* _Instructions for the task_
The span to repeat in the listing below runs from the line containing "Carte illustrant l'emplacement" to the line containing "医薬品特徴アレイ【3本】コラージュD メディパワー保湿入浴剤 500mlx3本", inclusive. Repeat it exactly, and only it.

* _Raw data_
====================

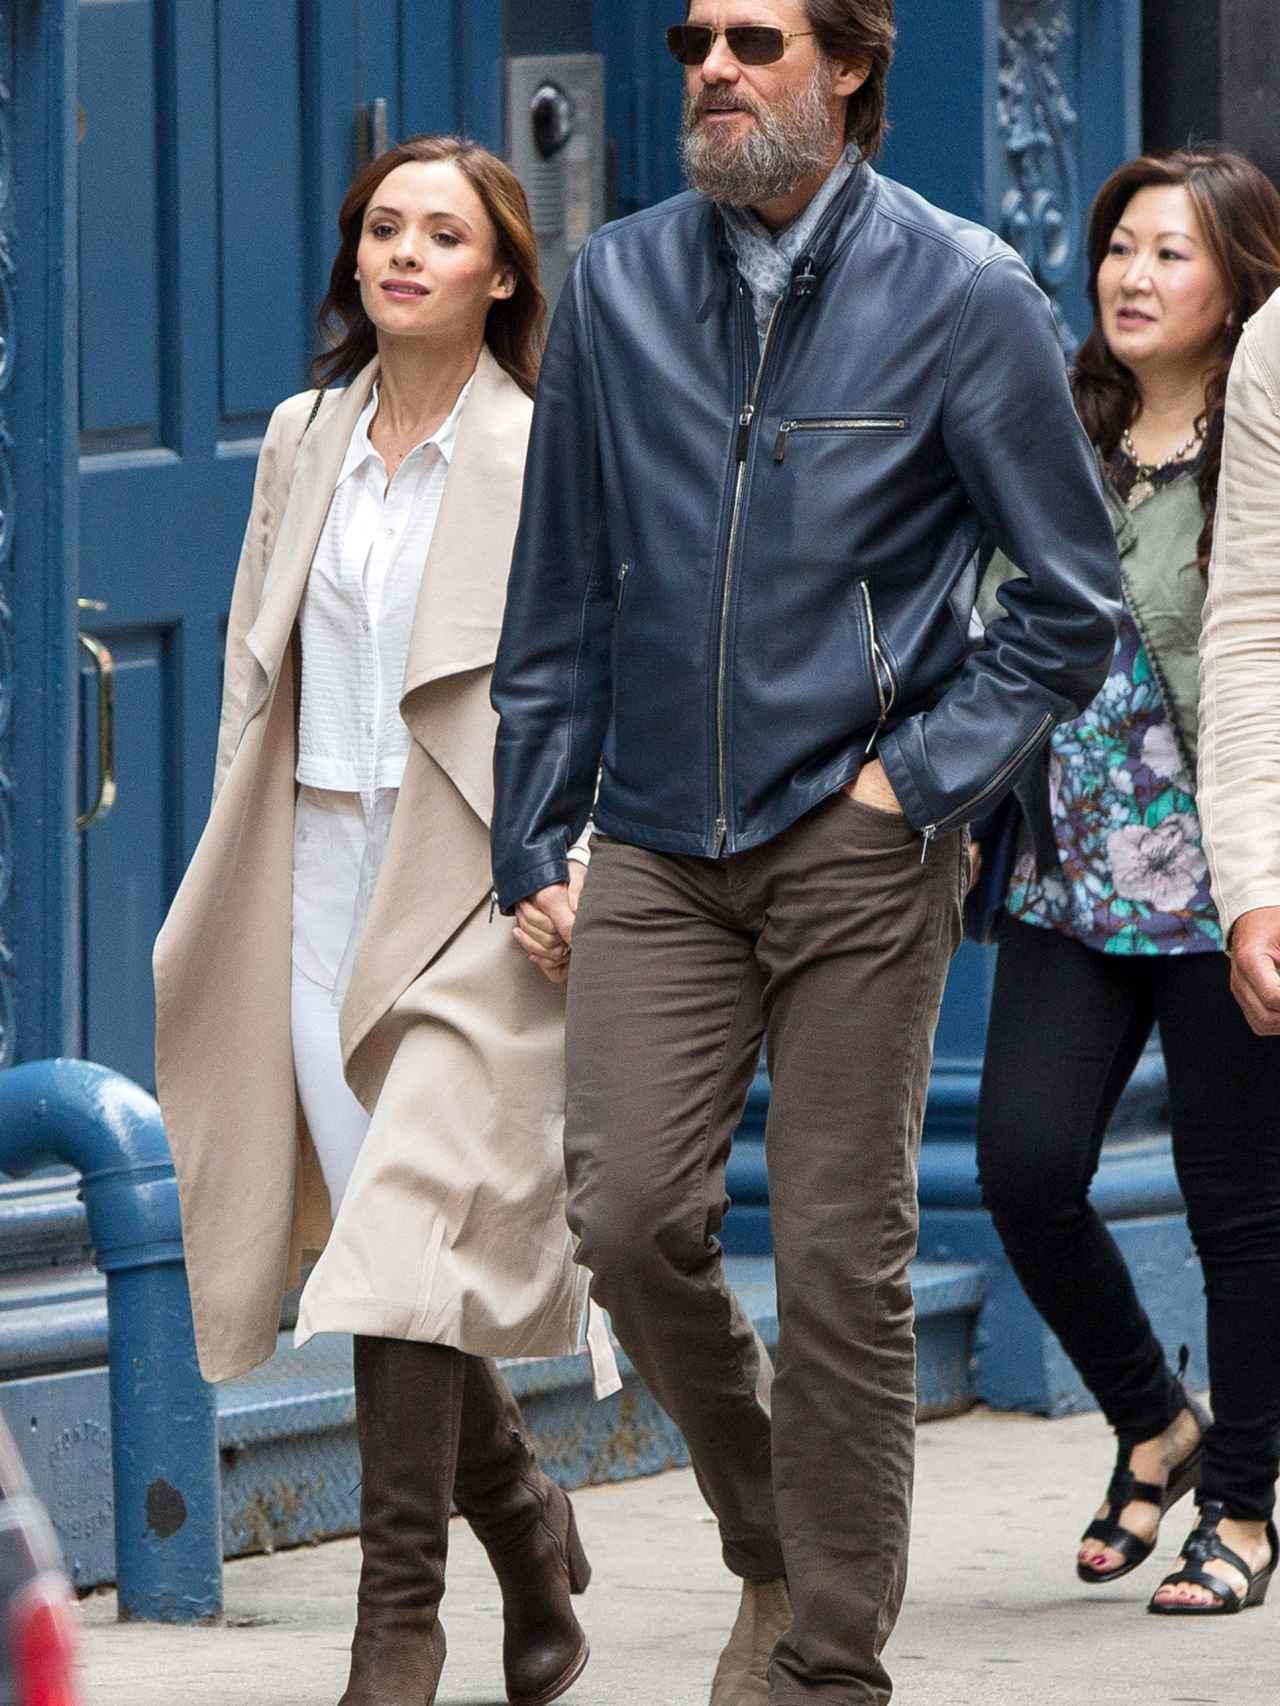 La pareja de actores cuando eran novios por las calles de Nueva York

====================

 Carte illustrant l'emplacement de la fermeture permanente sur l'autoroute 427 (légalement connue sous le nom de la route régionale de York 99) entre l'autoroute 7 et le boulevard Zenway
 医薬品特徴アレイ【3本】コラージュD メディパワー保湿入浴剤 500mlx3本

====================

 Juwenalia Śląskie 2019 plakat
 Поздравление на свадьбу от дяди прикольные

====================

* _Result_
 Carte illustrant l'emplacement de la fermeture permanente sur l'autoroute 427 (légalement connue sous le nom de la route régionale de York 99) entre l'autoroute 7 et le boulevard Zenway
 医薬品特徴アレイ【3本】コラージュD メディパワー保湿入浴剤 500mlx3本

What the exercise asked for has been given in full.